Po 18 dniach neurony były dojrzałe, połączone ze sobą i zbudowały sieć neuronalną. Reprezentatywne obrazy fluorescencyjne pokazują dojrzałe neurony po 18 dniach przy użyciu selektywnych markerów. Inkubacja kultur z próbkami pacjentów wytworzyła intensywny sygnał fluorescencyjny, ponieważ zawiera on autoprzeciwciała, które rozpoznały receptor NMDA obecny na powierzchni neuronów.

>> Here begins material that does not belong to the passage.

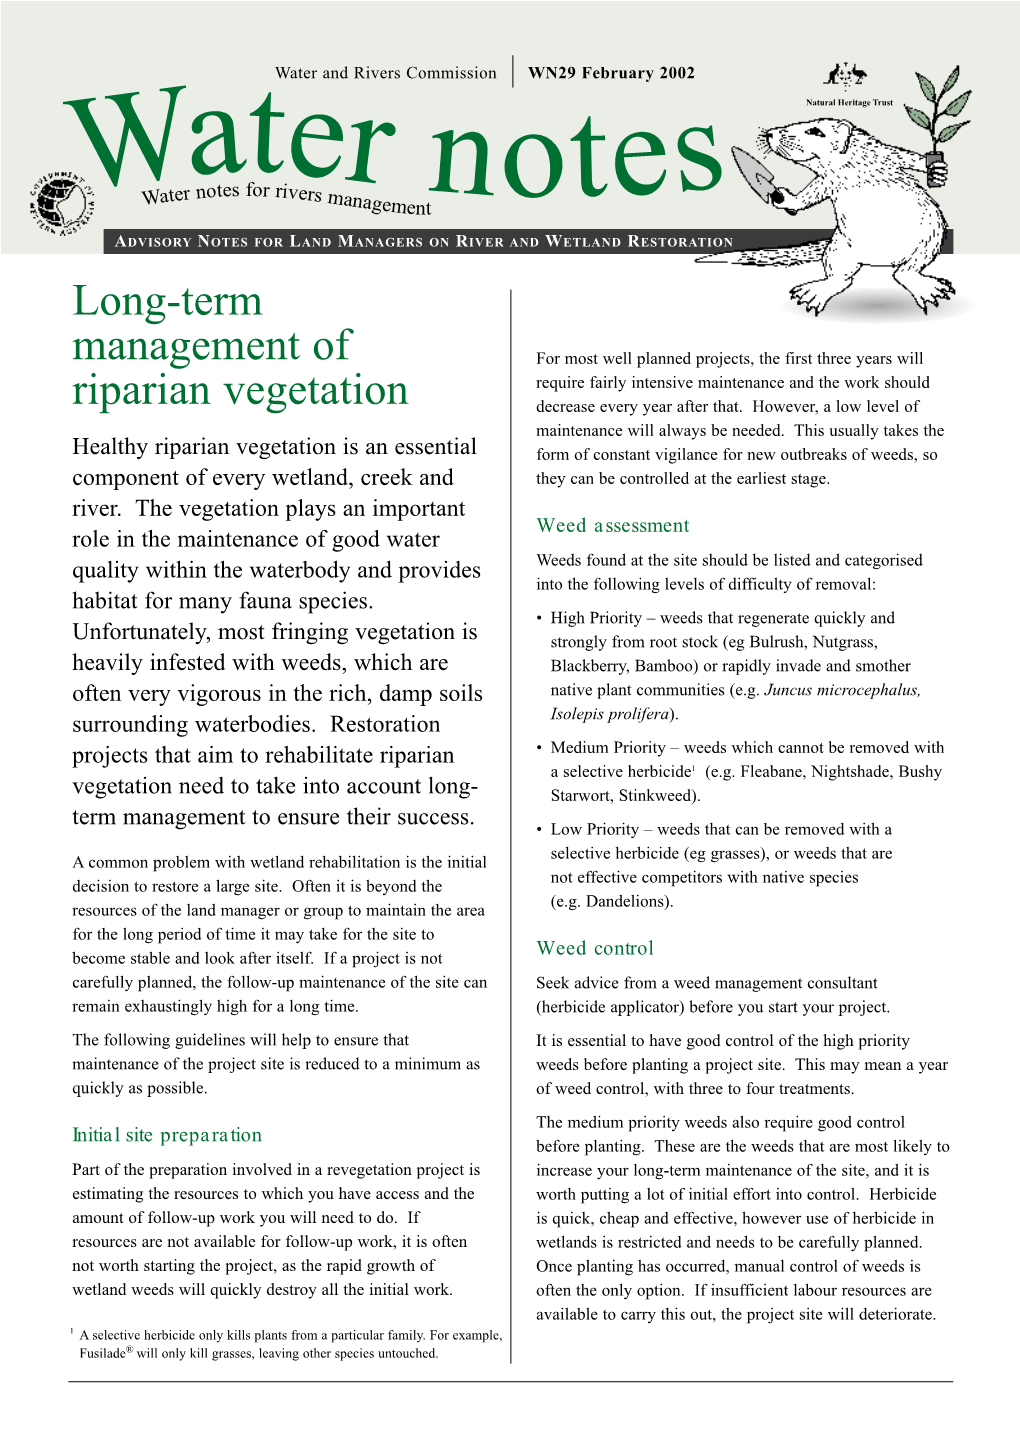 Long-Term Management of Riparian Vegetation

W przeciwieństwie do tego, próbki kontrolne nie wytwarzały sygnału fluorescencyjnego po podaniu do kultur neuronalnych. Zastosowanie NMDA zwiększyło intensywność fluorescencji, na co wskazuje zmiana wewnątrzkomórkowej zielonej fluorescencji. Po zastosowaniu stymulatora neurony potraktowane kontrolną próbką płynu mózgowo-rdzeniowego wykazywały większą różnicę w intensywności fluorescencji niż komórki leczone próbką płynu mózgowo-rdzeniowego pacjenta.

Identyfikacja właściwości i rozbiór hipokampa decydują o czystości kultur. Agregacja komórek jest kluczowym czynnikiem, zwłaszcza w przypadku wykorzystania kultur do celów obrazowania. Ponadto wyhodowane neurony hipokampa można wykorzystać do identyfikacji nowych przeciwciał i ich antygenów docelowych w połączeniu z technikami immunoprecypitacji i spektrometrii mas.

Technika ta pozwoliła na scharakteryzowanie nowej kategorii chorób wywoływanych przez przeciwciała. Dlatego jest niezbędny w badaniu nowej dziedziny nanoimmunologii.